Exercise details »
Retyping the entire listing exactly is the task.

Material for the task »
════════════════
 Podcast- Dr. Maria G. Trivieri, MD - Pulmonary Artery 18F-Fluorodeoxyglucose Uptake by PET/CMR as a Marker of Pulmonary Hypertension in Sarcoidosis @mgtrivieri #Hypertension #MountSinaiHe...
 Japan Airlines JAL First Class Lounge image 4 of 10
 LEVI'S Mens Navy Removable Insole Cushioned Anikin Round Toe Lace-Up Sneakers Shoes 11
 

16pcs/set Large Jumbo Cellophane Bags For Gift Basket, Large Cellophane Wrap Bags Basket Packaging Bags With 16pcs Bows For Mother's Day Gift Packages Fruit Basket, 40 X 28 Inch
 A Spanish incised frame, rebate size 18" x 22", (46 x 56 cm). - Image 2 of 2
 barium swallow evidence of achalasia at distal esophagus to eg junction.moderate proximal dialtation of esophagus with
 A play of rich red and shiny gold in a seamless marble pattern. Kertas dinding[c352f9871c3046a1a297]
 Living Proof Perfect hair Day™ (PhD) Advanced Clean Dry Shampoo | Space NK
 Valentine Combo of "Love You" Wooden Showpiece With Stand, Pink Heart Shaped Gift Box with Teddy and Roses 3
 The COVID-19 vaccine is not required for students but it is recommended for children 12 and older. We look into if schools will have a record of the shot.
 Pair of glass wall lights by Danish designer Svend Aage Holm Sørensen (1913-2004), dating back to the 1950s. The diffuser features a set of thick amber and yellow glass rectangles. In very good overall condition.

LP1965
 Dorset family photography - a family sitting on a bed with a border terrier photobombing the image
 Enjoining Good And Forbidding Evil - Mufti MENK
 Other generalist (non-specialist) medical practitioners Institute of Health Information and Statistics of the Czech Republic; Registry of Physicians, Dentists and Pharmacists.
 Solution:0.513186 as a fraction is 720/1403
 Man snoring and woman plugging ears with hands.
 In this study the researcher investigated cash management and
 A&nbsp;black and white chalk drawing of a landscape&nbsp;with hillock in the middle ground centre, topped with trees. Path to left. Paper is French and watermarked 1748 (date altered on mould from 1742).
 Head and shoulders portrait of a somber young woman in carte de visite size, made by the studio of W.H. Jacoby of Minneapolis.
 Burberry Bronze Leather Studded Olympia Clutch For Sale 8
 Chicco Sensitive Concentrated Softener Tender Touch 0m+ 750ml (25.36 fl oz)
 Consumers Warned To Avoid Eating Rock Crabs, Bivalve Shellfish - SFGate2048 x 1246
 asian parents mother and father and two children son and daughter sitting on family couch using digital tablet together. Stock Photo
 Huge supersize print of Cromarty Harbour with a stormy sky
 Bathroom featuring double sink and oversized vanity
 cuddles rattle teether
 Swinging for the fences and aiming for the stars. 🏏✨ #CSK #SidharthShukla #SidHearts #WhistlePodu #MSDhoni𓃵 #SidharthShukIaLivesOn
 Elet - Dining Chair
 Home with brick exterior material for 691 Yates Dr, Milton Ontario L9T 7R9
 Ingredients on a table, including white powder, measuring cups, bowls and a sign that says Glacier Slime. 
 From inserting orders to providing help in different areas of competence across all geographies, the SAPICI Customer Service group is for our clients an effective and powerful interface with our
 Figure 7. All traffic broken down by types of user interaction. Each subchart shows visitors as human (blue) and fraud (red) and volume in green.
════════════════
Task output »
 Podcast- Dr. Maria G. Trivieri, MD - Pulmonary Artery 18F-Fluorodeoxyglucose Uptake by PET/CMR as a Marker of Pulmonary Hypertension in Sarcoidosis @mgtrivieri #Hypertension #MountSinaiHe...
 Japan Airlines JAL First Class Lounge image 4 of 10
 LEVI'S Mens Navy Removable Insole Cushioned Anikin Round Toe Lace-Up Sneakers Shoes 11
 

16pcs/set Large Jumbo Cellophane Bags For Gift Basket, Large Cellophane Wrap Bags Basket Packaging Bags With 16pcs Bows For Mother's Day Gift Packages Fruit Basket, 40 X 28 Inch
 A Spanish incised frame, rebate size 18" x 22", (46 x 56 cm). - Image 2 of 2
 barium swallow evidence of achalasia at distal esophagus to eg junction.moderate proximal dialtation of esophagus with
 A play of rich red and shiny gold in a seamless marble pattern. Kertas dinding[c352f9871c3046a1a297]
 Living Proof Perfect hair Day™ (PhD) Advanced Clean Dry Shampoo | Space NK
 Valentine Combo of "Love You" Wooden Showpiece With Stand, Pink Heart Shaped Gift Box with Teddy and Roses 3
 The COVID-19 vaccine is not required for students but it is recommended for children 12 and older. We look into if schools will have a record of the shot.
 Pair of glass wall lights by Danish designer Svend Aage Holm Sørensen (1913-2004), dating back to the 1950s. The diffuser features a set of thick amber and yellow glass rectangles. In very good overall condition.

LP1965
 Dorset family photography - a family sitting on a bed with a border terrier photobombing the image
 Enjoining Good And Forbidding Evil - Mufti MENK
 Other generalist (non-specialist) medical practitioners Institute of Health Information and Statistics of the Czech Republic; Registry of Physicians, Dentists and Pharmacists.
 Solution:0.513186 as a fraction is 720/1403
 Man snoring and woman plugging ears with hands.
 In this study the researcher investigated cash management and
 A&nbsp;black and white chalk drawing of a landscape&nbsp;with hillock in the middle ground centre, topped with trees. Path to left. Paper is French and watermarked 1748 (date altered on mould from 1742).
 Head and shoulders portrait of a somber young woman in carte de visite size, made by the studio of W.H. Jacoby of Minneapolis.
 Burberry Bronze Leather Studded Olympia Clutch For Sale 8
 Chicco Sensitive Concentrated Softener Tender Touch 0m+ 750ml (25.36 fl oz)
 Consumers Warned To Avoid Eating Rock Crabs, Bivalve Shellfish - SFGate2048 x 1246
 asian parents mother and father and two children son and daughter sitting on family couch using digital tablet together. Stock Photo
 Huge supersize print of Cromarty Harbour with a stormy sky
 Bathroom featuring double sink and oversized vanity
 cuddles rattle teether
 Swinging for the fences and aiming for the stars. 🏏✨ #CSK #SidharthShukla #SidHearts #WhistlePodu #MSDhoni𓃵 #SidharthShukIaLivesOn
 Elet - Dining Chair
 Home with brick exterior material for 691 Yates Dr, Milton Ontario L9T 7R9
 Ingredients on a table, including white powder, measuring cups, bowls and a sign that says Glacier Slime. 
 From inserting orders to providing help in different areas of competence across all geographies, the SAPICI Customer Service group is for our clients an effective and powerful interface with our
 Figure 7. All traffic broken down by types of user interaction. Each subchart shows visitors as human (blue) and fraud (red) and volume in green.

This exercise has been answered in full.